Currently, banks price their loans against their marginal cost of funds-based lending rate (MCLR).
“We have kept the external benchmark (guidelines) in abeyance because we wanted to see how the market evolves. It is a positive trend that the banks have responded but this process needs to be faster," he said.
The governor said as against a repo rate cut of 75 bps by RBI (excluding the 35 bps cut in August) in 2019, the transmission was 29 bps and it was certainly not up to RBI’s expectations.
“It (transmission) should be, and can be better," he said.
He added that since the last meeting of the monetary policy committee (MPC), many banks have announced initiatives to link their new loans to the repo rate.
“Our expectation is that they should move faster," said Das. The RBI, he said, was constantly engaged with banks with regard to faster and greater transmission of monetary policy rates.

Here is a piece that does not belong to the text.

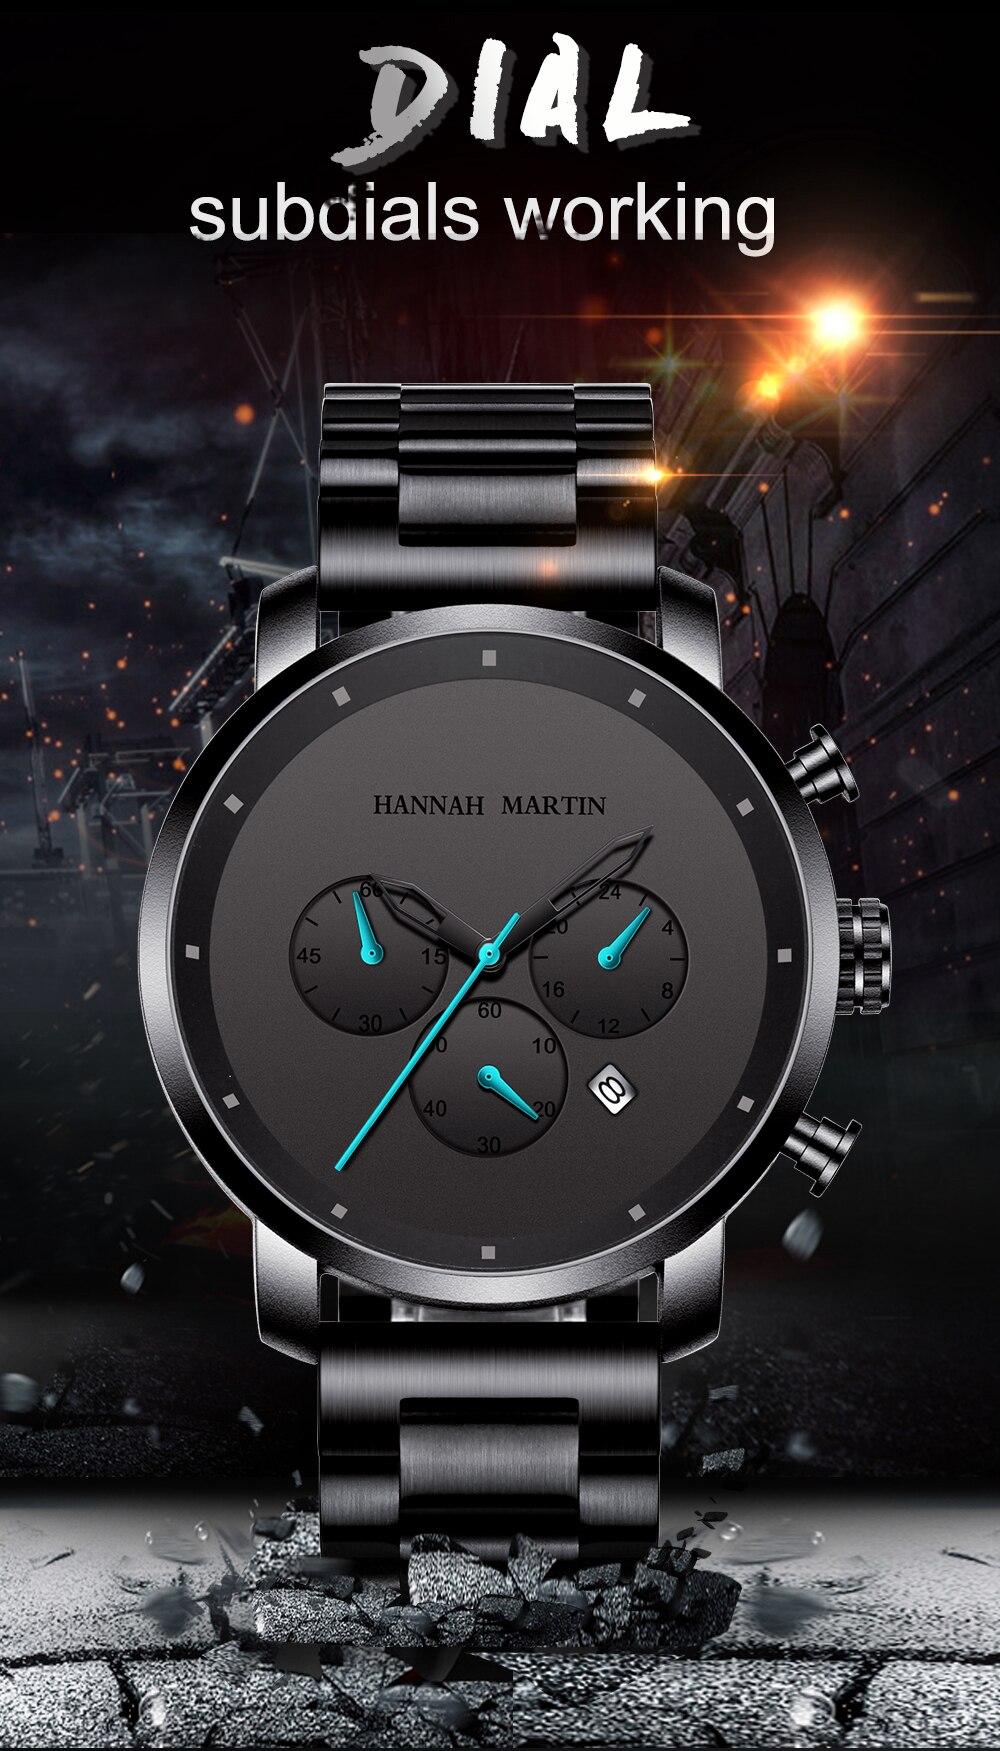 Hb43ceb3e04fa46108a986d1a057c2c97D DropShipping Big Dial 45mm Full Black Stainless Steel Multi-function Calendar Men's Top Brand Luxury Watches Relogio Masculino

“The RBI will definitely pay its role as the regulator to work with the banks to see the trends in the market and take steps that can formalise these linking of new loans to repo rate or other external benchmarks," he said.
In India, the credit market is dominated by the banking sector which plays a key role in financial intermediation in the economy. Soundness of the banking system may have a bearing on the financial stability through various channels, Das pointed out.
Even if individual institutions are robust, the overall behaviour of the financial sector can pose a systemic risk. Hence, monitoring the health of the banking sector is crucial for financial stability, he added.
Meanwhile, RBI has taken cognisance of the build-up of risks among regulated entities due to interconnectedness, exposure concentrations, non-transparent market practices, governance deficiencies, and their contagion effects have repercussions for financial stability.
He said the Reserve Bank is keeping a close watch on the interconnectedness of banks and non-banks. The Working Group on Core Investment Companies (CICs) has already started its deliberations and based on its recommendations, the Reserve Bank proposes to carry out necessary changes in the regulatory architecture for CICs.
RBI, he said, is also in the process of building a specialised regulatory and supervisory cadre for regulation and supervision of banks and non-banks.